China’s Disinformation Fuels Anger Over Fukushima Water Release

In tests taken by several Japanese government agencies and Tepco, the water released starting last week contained scant amounts of tritium, far below the standard set by the World Health Organization. There is more tritium in water being discharged by nuclear power plants in China and in South Korea, where protesters have also condemned the Japanese release.

With a monitoring network that includes the International Atomic Energy Agency and experts from numerous countries, “the international pressure is really high on the government in Japan,” said Kai Vetter, a professor of nuclear engineering at the University of California, Berkeley, who has studied the environmental and social impacts of the Fukushima disaster.

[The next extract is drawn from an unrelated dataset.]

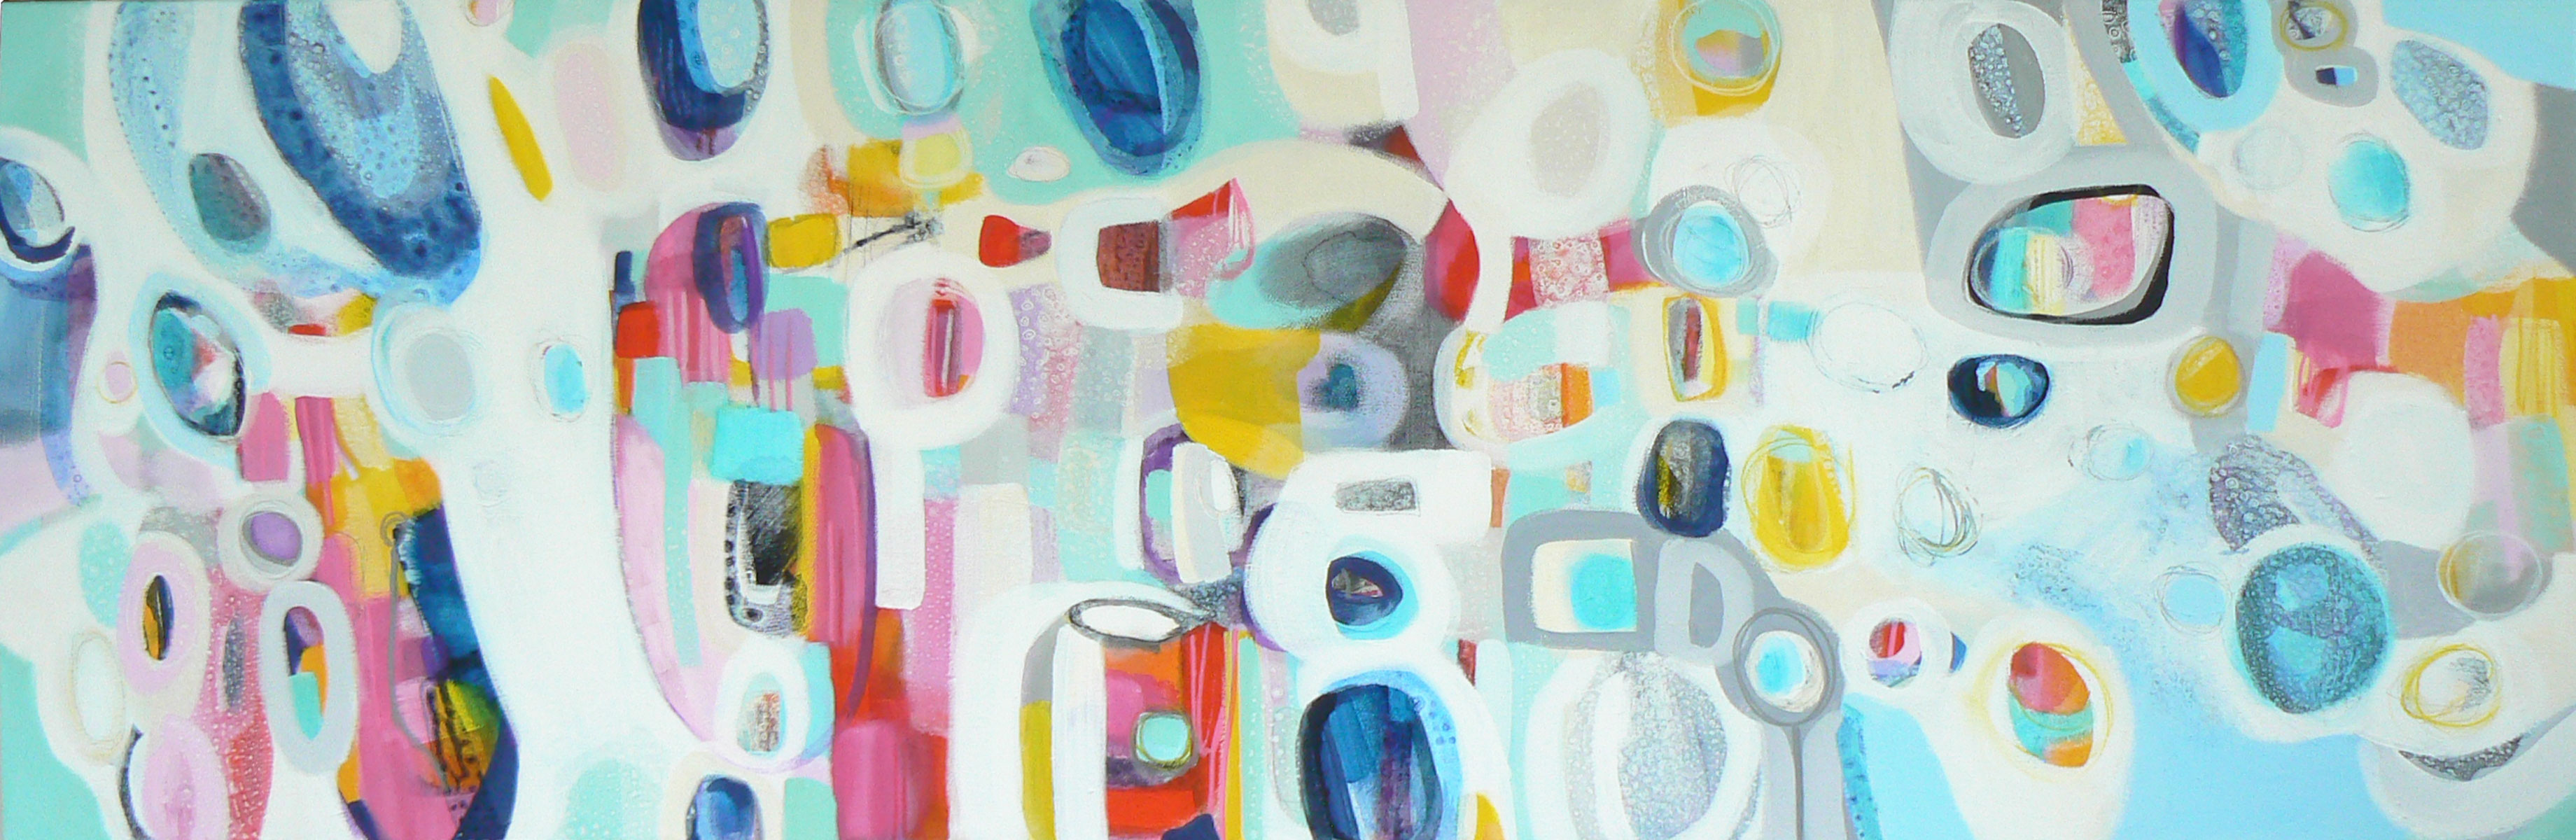 I'm forever blowing bubbles, 2016 Acrylic painting by Carolynne Coulson

Hirokazu Matsuno, the chief cabinet secretary to Japan’s prime minister, Fumio Kishida, said on Monday that Japan had “made counterarguments many times against information, including contents which are not factual, that have been released from China.”

Part of the challenge for Japan, where the foreign ministry is using the hashtag #LetTheScienceTalk on X, the social media platform formerly known as Twitter, is that the science is difficult for average citizens to comprehend and that people often react emotionally to such events.

“It’s understandable that people worry and are fearful of something they don’t know well,” said Ittaka Kishida, a professor at Aoyama Gakuin University in Tokyo who studies the sociology and history of nuclear physics. “They just have to trust what experts explain, even though they haven’t seen it or can’t confirm it with their own eyes.”